Exercise → From the line with "Refugiados pernoctan en" to the end of the data below, restate each line word for word, both ends included, without the pictures.

Collected material →
↓

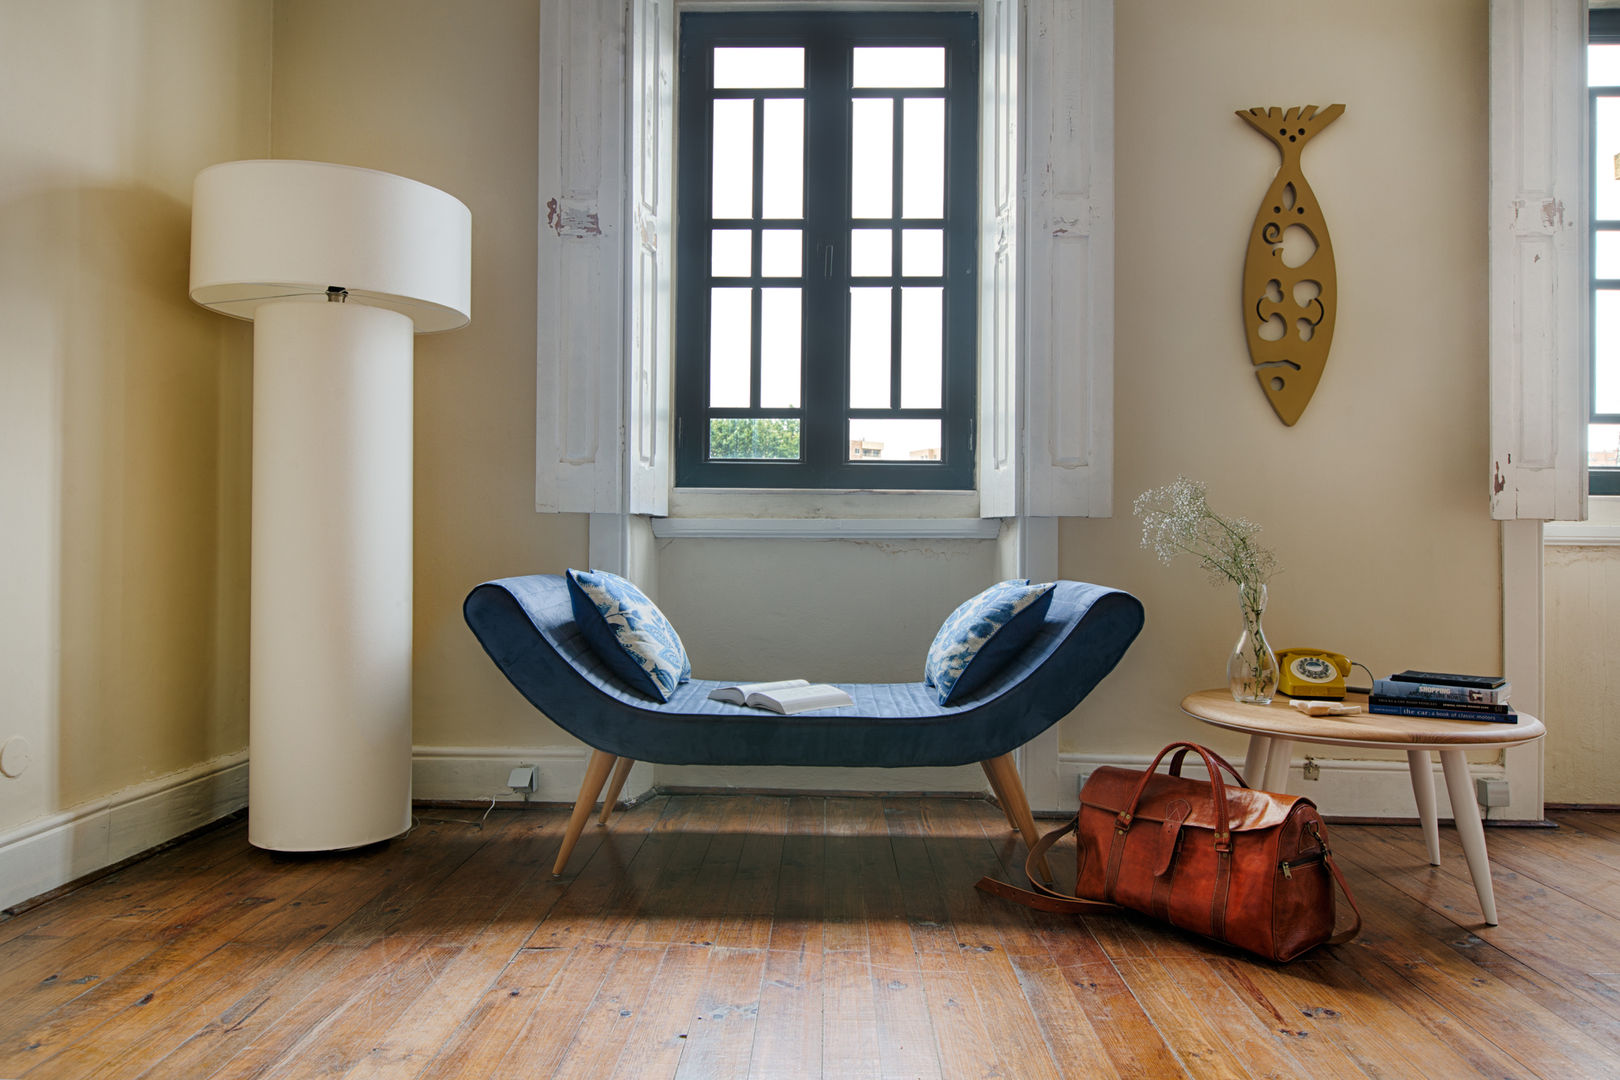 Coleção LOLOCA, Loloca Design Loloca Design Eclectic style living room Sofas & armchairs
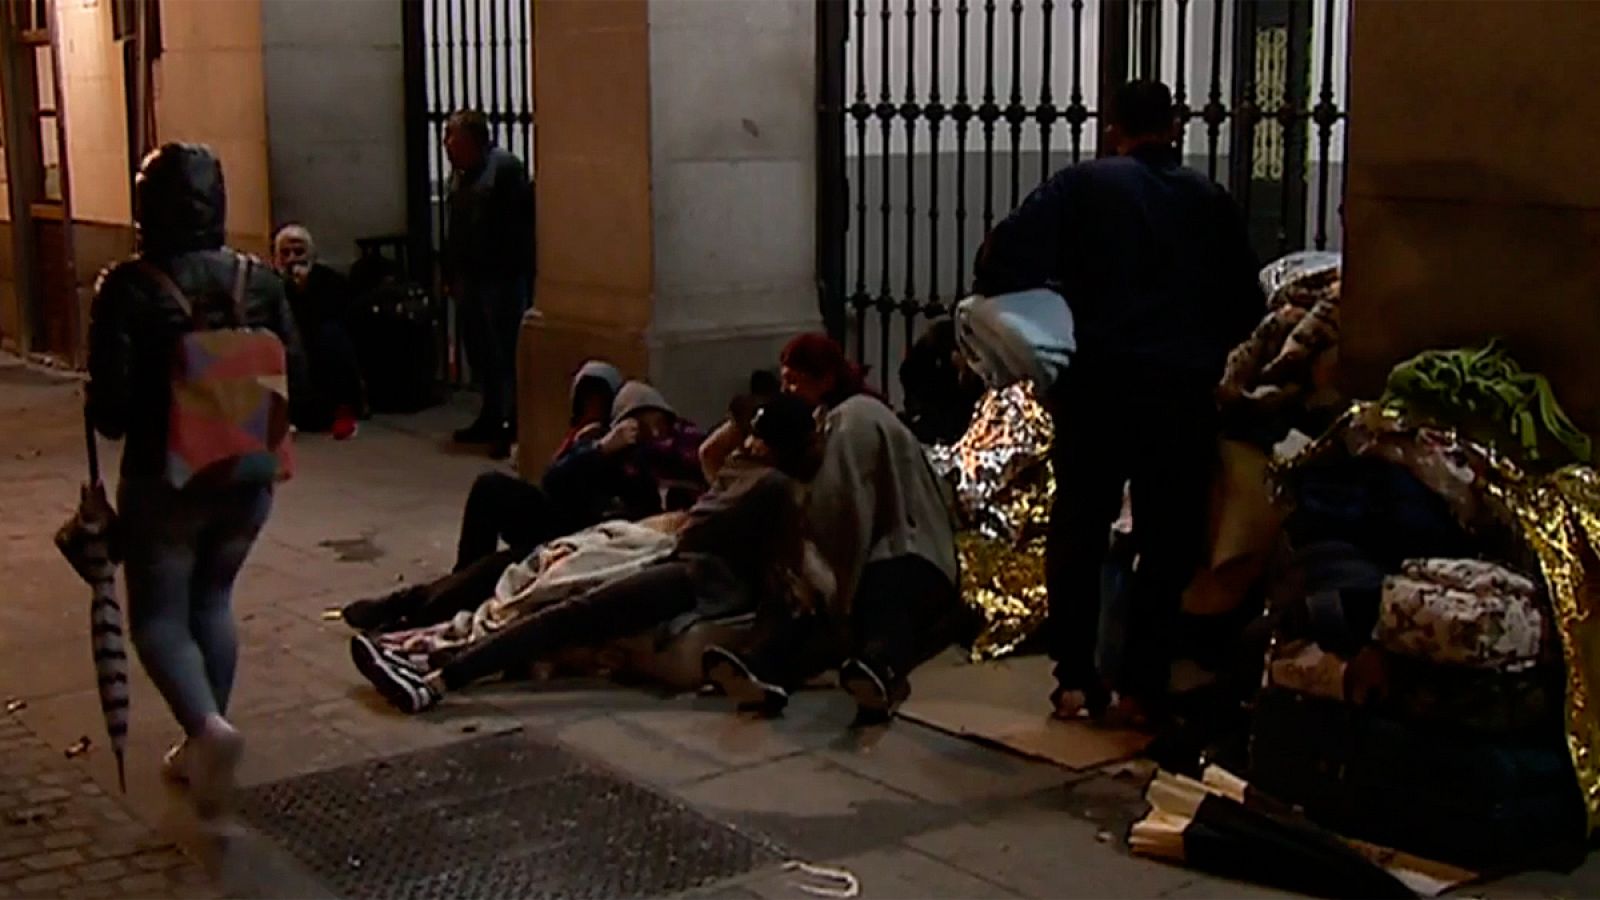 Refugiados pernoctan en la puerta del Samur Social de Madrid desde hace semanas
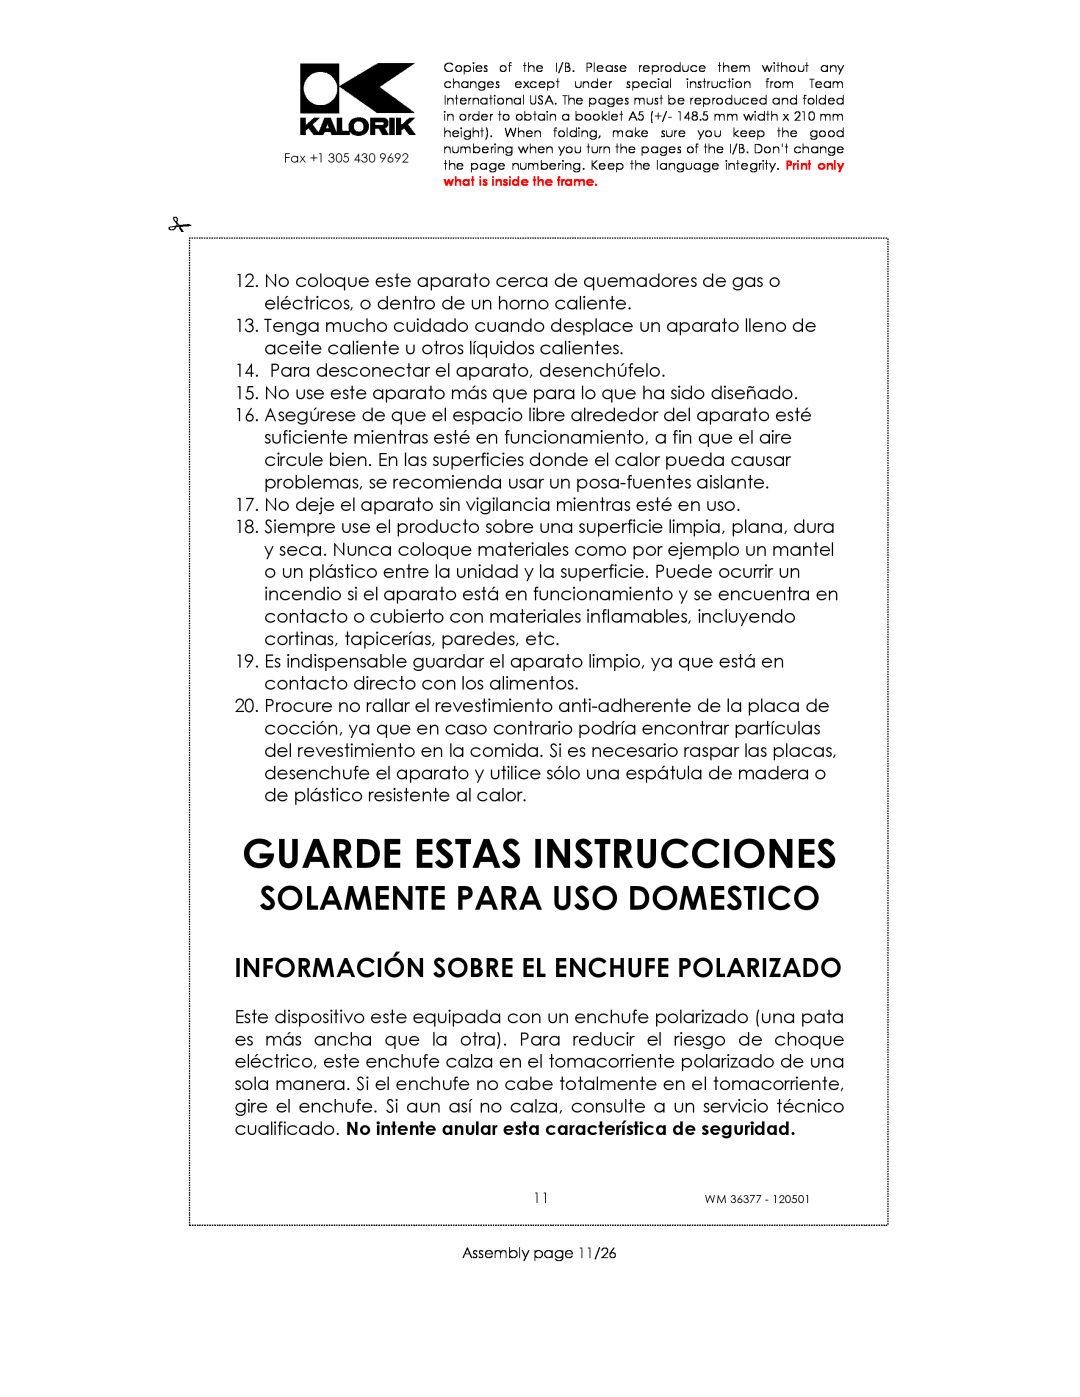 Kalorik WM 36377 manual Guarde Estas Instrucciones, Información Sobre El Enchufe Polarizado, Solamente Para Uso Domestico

↑

Result of this task →
 Refugiados pernoctan en la puerta del Samur Social de Madrid desde hace semanas
 Kalorik WM 36377 manual Guarde Estas Instrucciones, Información Sobre El Enchufe Polarizado, Solamente Para Uso Domestico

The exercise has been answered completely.